Virtual currencies although being a digital currency, must be distinguished from electronic money (e-money), which is another type of digital currency. The latter is defined by Directive 2009/110/EC  as being electronically, including magnetically, stored monetary value as represented by a claim on the issuer which is issued on receipt of funds for the purpose of making payment transactions and which is accepted by both natural or legal persons other than the electronic money issuer. At a glance, this definition may be applied to virtual currencies, as some of the features of and activities performed by virtual currencies, do fall within the remit of the above cited EU Directive. However, the distinction lies within the fact that unlike e-money, virtual currency is not a fiat currency. When a currency is said to be a ‘fiat’, it essentially means that it would have been issued by a public authority or central bank and can either be physical or in digital form.
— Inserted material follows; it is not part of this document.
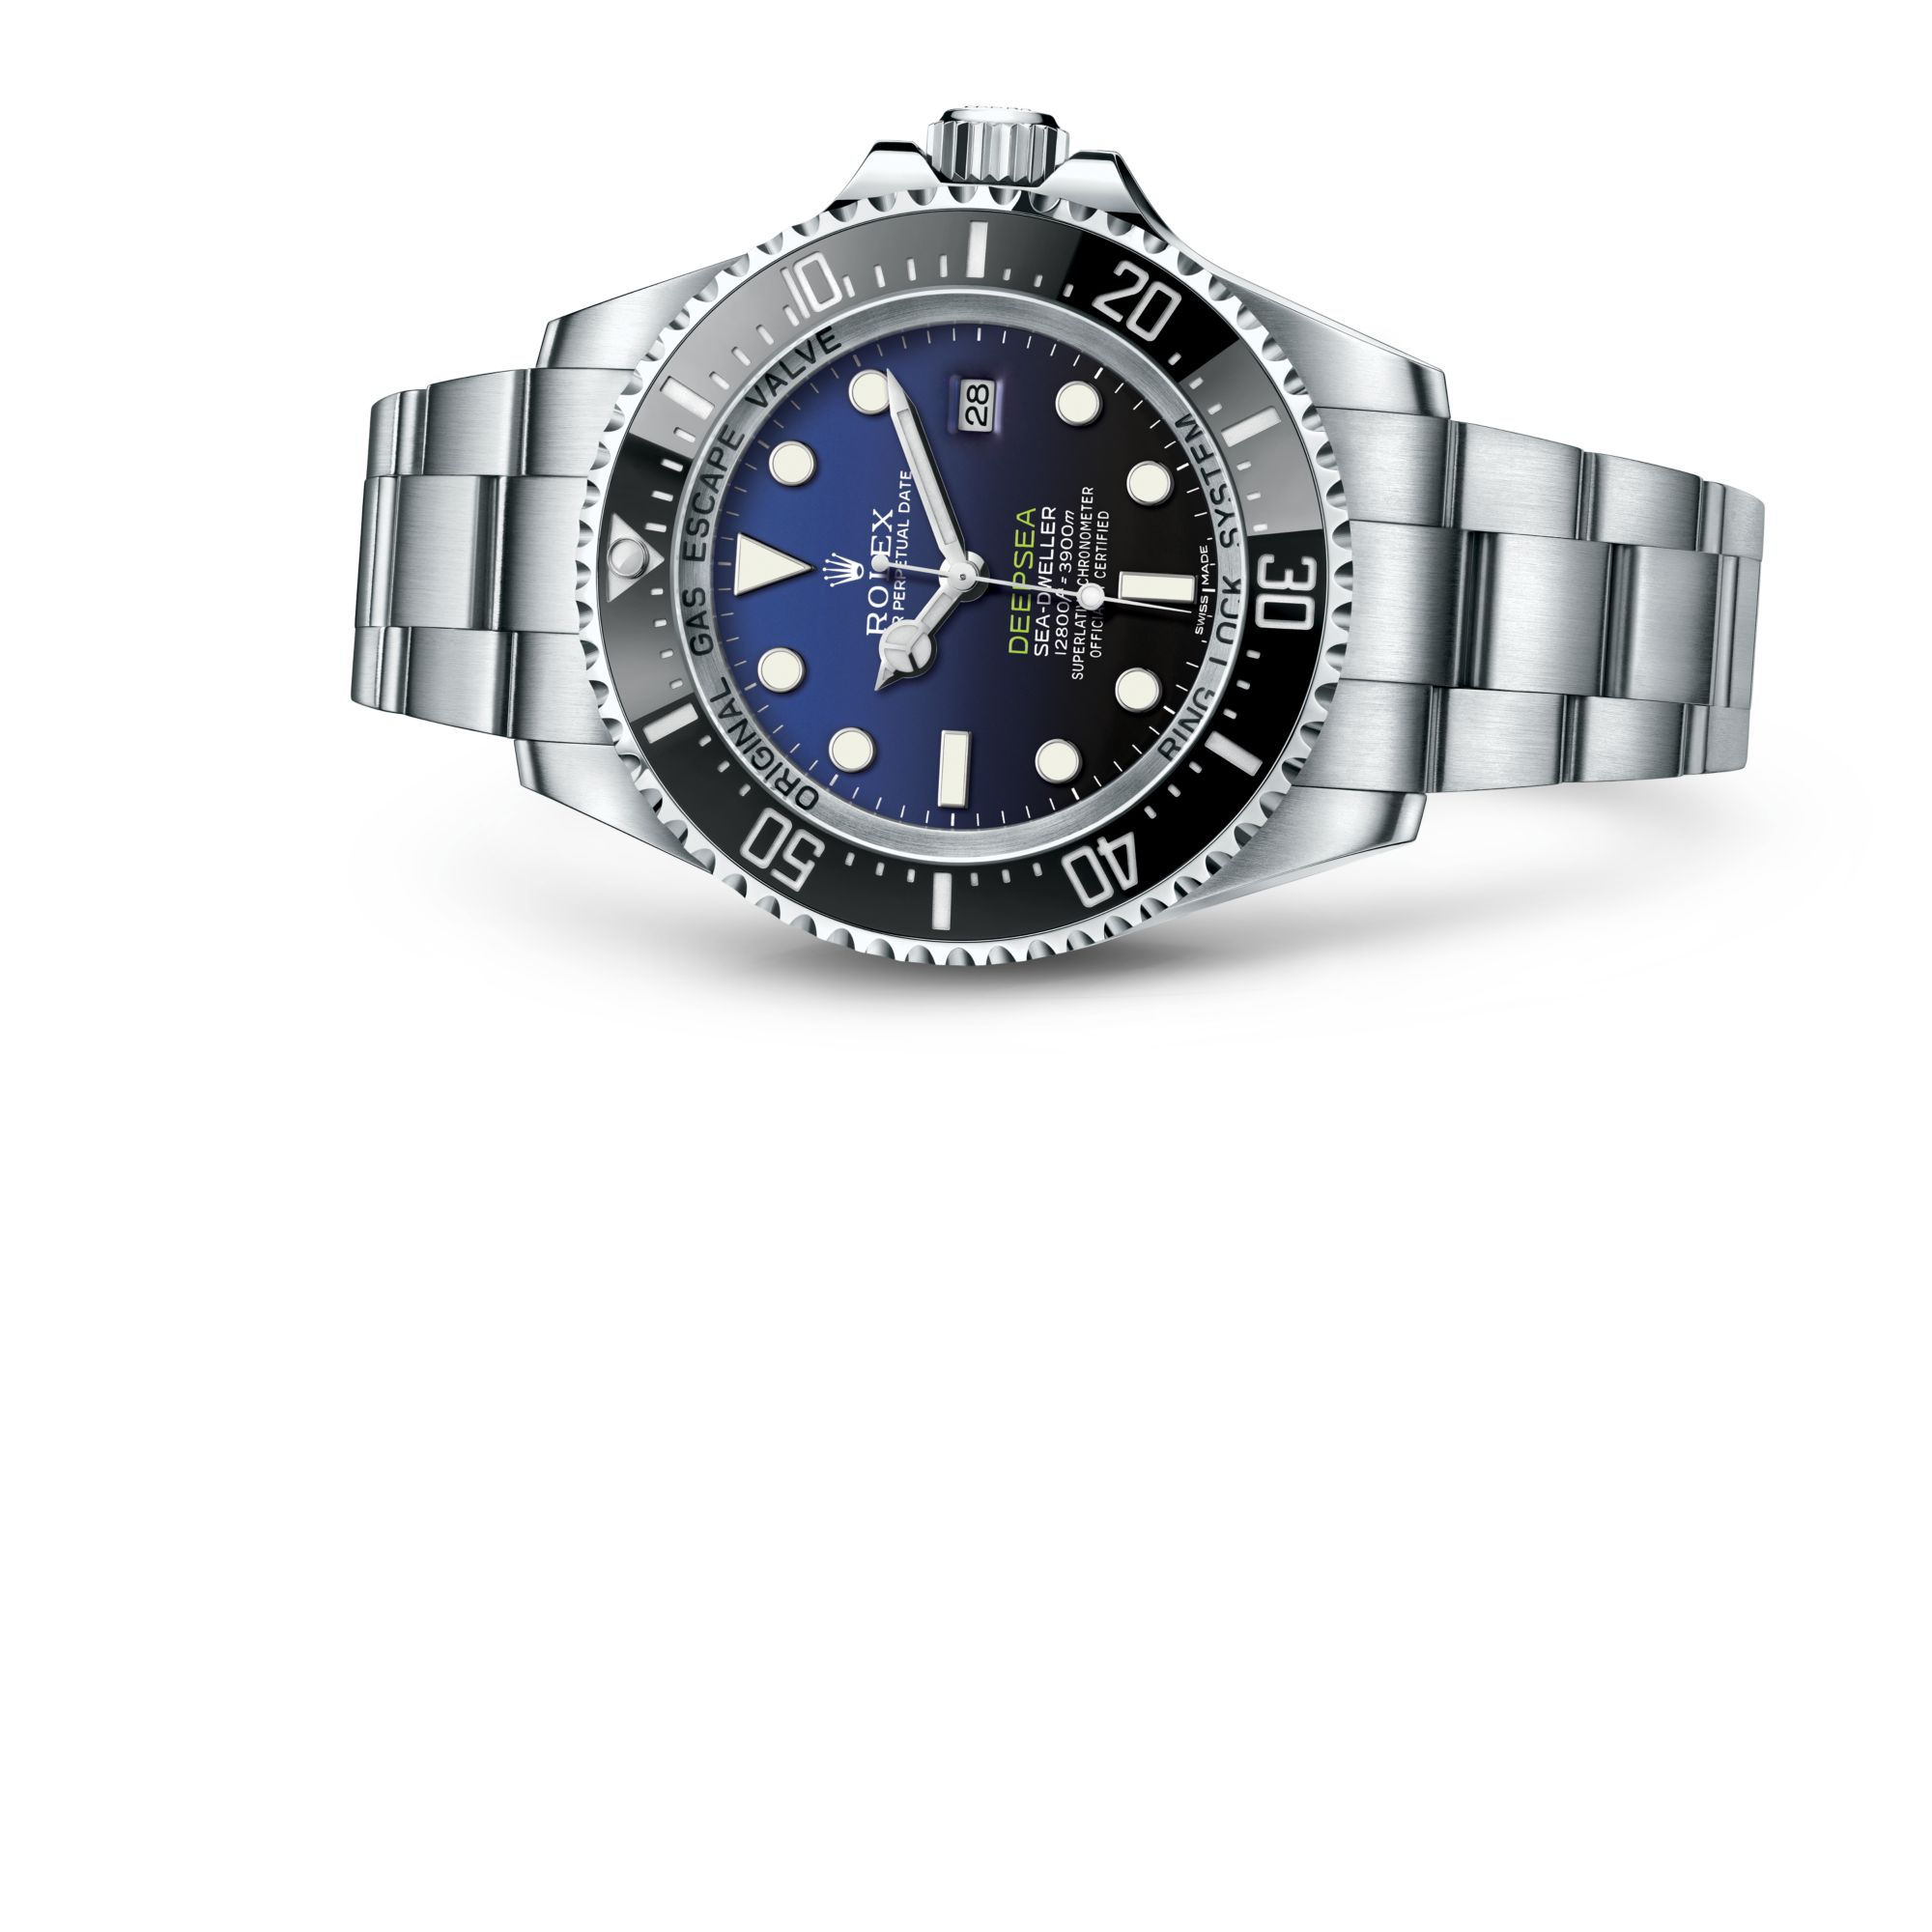 Rolex Rolex Deepsea D-blue dial M116660-0003

The characteristics that distinguish virtual currency from a ‘fiat’ is firstly, that its value is not fixed in a fiat currency and also, that it is not necessarily fixed to be redeemed at par value by an issuer.

Certain virtual currencies and activities in relation to such currencies may be subject to existing financial services legislation, whilst others may not fall within the scope of existing legal frameworks, rendering them to be unregulated. This results in lack of investor protection and financial stability. In this scenario, the Malta Financial Services Authority is proposing for the Maltese legislator to formulate an Act of Parliament that would seek the regularisation of those virtual currencies not falling within the scope of the current legislative framework. In light of this the MFSA is of the idea that such a framework would act ancillary to existing legislation, both on a national and EU level, whilst ensuring continuous technological advancement and innovation.